California existing-home sales slipped 17.6 percent from December 2004 to December 2005 while median prices jumped 15.6 percent to $548,430, the California Association of Realtors reported today.

Closed escrow sales of existing, single-family detached homes in California totaled 531,910 in December at a seasonally adjusted annualized rate, according to information collected by C.A.R. from more than 90 local Realtor associations statewide. Statewide home resale activity decreased 17.6 percent from the 645,860 sales pace recorded in December 2004.

The statewide sales figure represents what the total number of homes sold during 2005 would be if sales maintained the December pace throughout the year. It is adjusted to account for seasonal factors that typically influence home sales.

The median price of an existing, single-family detached home in California during December 2005 was $548,430, a 15.6 percent increase over the $474,270 median for December 2004, C.A.R. reported. The December 2005 median price remained nearly unchanged compared with November’s $548,680 median price.

C.A.R. president Vince Malta blamed the sales drop on consumers’ worries about rising interest rates. “The last few months of 2005 marked the first time since mid-2004 that the fixed-rate mortgage was above 6 percent on a sustained basis and the adjustable-rate mortgage was above 5 percent for three months in a row.

“Consumers also were rattled by both the spike in energy costs and the hurricanes late last year,” he said. “Looking ahead, we expect those concerns to impact transactions completed in January as well.”

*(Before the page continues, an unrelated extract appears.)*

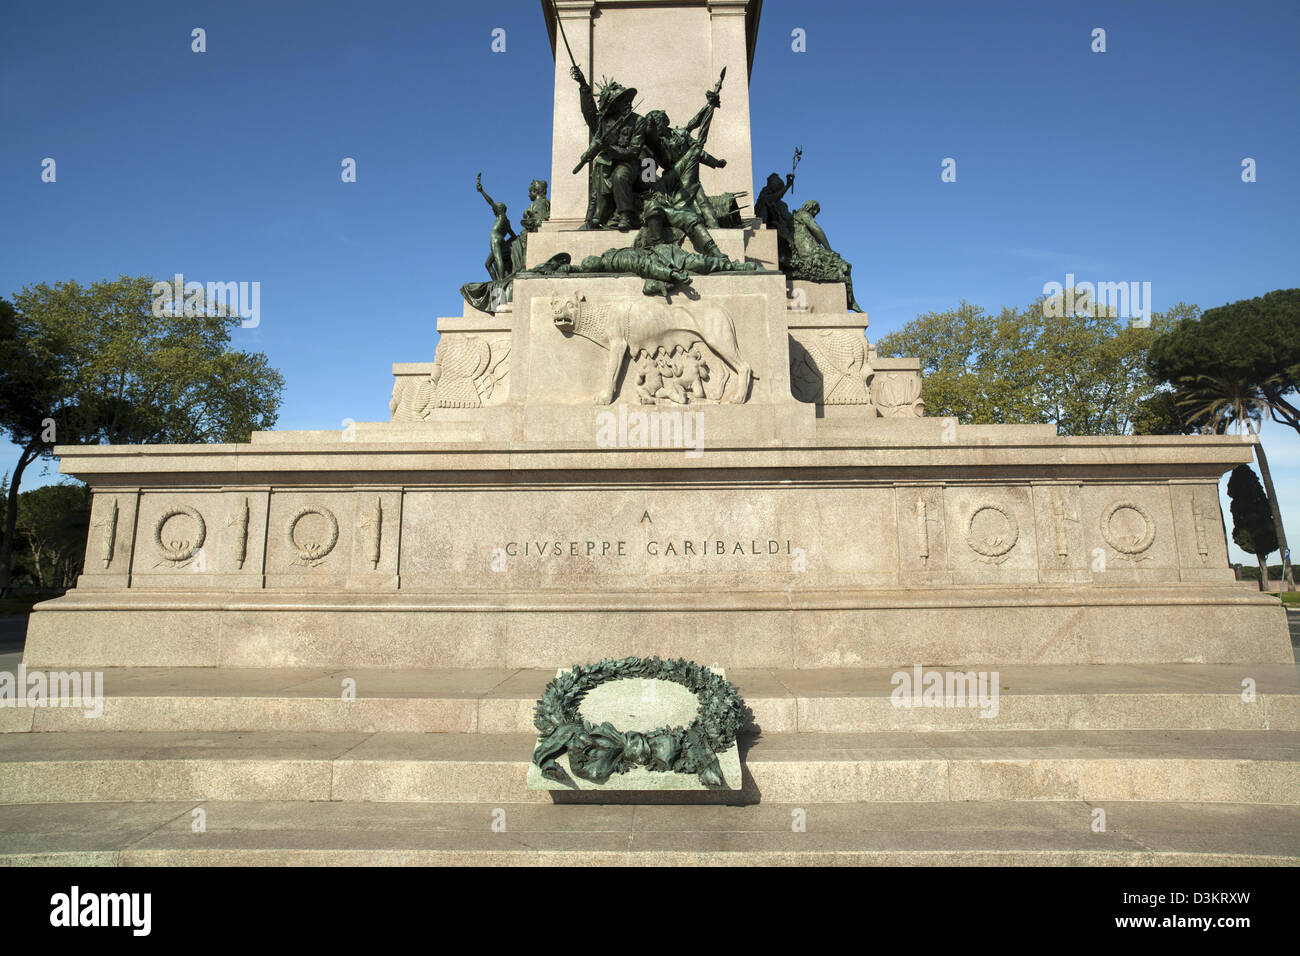 Equestrian statue monument to Giuseppe Garibaldi on Janiculum Hill overlooking Rome Stock Photo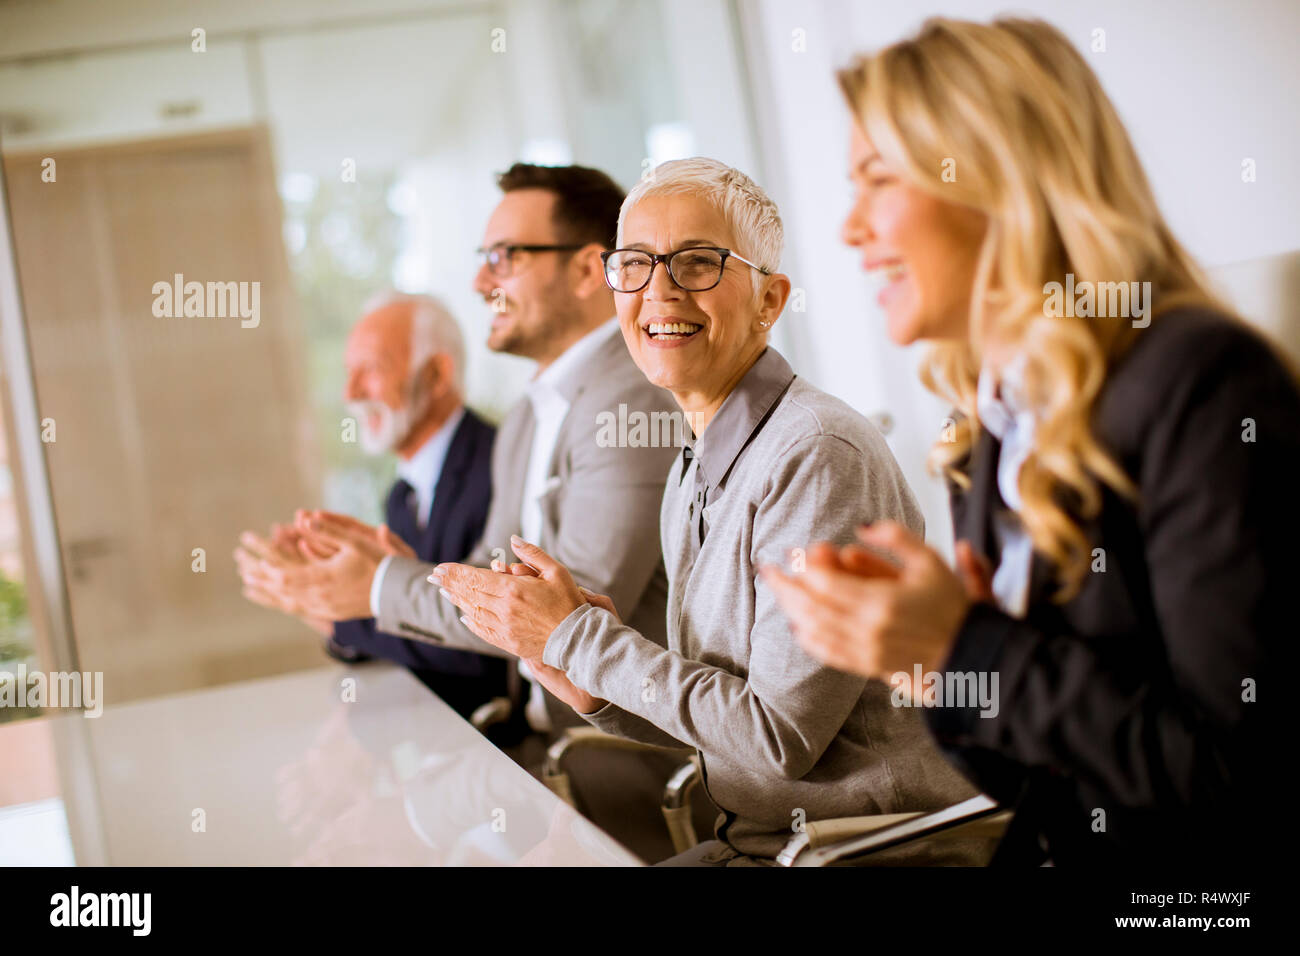 Satisfait de l'équipe entreprises fier clapping hands while sitting in row at office Banque D'Images

Leslie Appleton-Young, C.A.R. vice president and chief economist, said, “We are experiencing a return to a more balanced market, in line with our expectations, although unsold inventory is still near historical lows, with a 3.6-month supply of homes for sale.” Time on the market was at 44 days in December compared with 40 days for the same period last year.

Appleton-Young added, “Housing affordability in the state remains at record lows, which also is impacting the robust sales trend we experienced throughout much of 2005.”

  • C.A.R.’s Unsold Inventory Index for existing, single-family detached homes in December 2005 was 3.6 months, compared with 2 months (revised) for the same period a year ago. The index indicates the number of months needed to deplete the supply of homes on the market at the current sales rate.

  • 30-year fixed mortgage interest rates averaged 6.27 percent during December 2005, compared with 5.75 percent in December 2004, according to Freddie Mac. Adjustable mortgage interest rates averaged 5.17 percent in December 2005 compared with 4.18 percent in December 2004.

  • The median number of days it took to sell a single-family home was 44 days in November 2005, compared with 40 days (revised) for the same period a year ago.

  • Sales dropped 37.6 percent in Monterey County, 34.8 percent in the Monterey Region, 32.8 percent in Northern Santa Barbara County, 32.2 percent in the Sacramento area, 30.7 percent in Northern California, and 30.4 percent in Santa Cruz County from December 2004 to December 2005, the association reported.

  • Median prices soared 35.4 percent in the Santa Barbara South Coast area, 31.1 percent in the High Desert region, 26.2 percent in Santa Barbara County, 20.7 percent in the Riverside-San Bernardino region and 19.3 percent in the Los Angeles area from December 2004 to December 2005.

The association’s MLS median price and sales data for detached homes are generated from a survey of more than 90 associations of Realtors throughout the state, C.A.R. reported. MLS median price and sales data for condominiums are based on a survey of more than 60 associations. The median price for both detached homes and condominiums represents closed escrow sales.

In a separate report covering more localized statistics generated by C.A.R. and real estate information company DataQuick Information Systems, 95.5 percent or 379 of 397 cities and communities showed an increase in their respective median home prices from a year ago.

DataQuick statistics are based on county records data rather than MLS information.

Large changes in local median home prices typically indicate both local home price appreciation, and often, large shifts in the composition of housing market activity, C.A.R. reported. Some of the variations in median home prices may be exaggerated due to compositional changes in housing demand.

  • Statewide, the 10 cities and communities with the highest median home prices in California during December 2005 were: Los Altos, $1,427,500; Calabasas, $1,295,000; Newport Beach, $1,080,000; San Clemente, $1,025,000; Rancho Palos Verdes, $1,020,000; Santa Barbara, $1,000,000; Los Gatos, $972,500; Danville, $960,000; Cupertino, $924,000; and Mill Valley, $918,000.

  • Statewide, the 10 cities and communities with the greatest median home price increases in December 2005 compared with the same period a year ago were: Twentynine Palms, 81.8 percent; Taft, 79.9 percent; Yucaipa, 56.4 percent; Upland, 56.1 percent; Ridgecrest, 51.9 percent; Ceres, 48.2 percent; San Dimas, 46.9 percent; Atwater, 46.2 percent; Merced, 46.2 percent; Moorpark, 45.7 percent; and Barstow, 45 percent.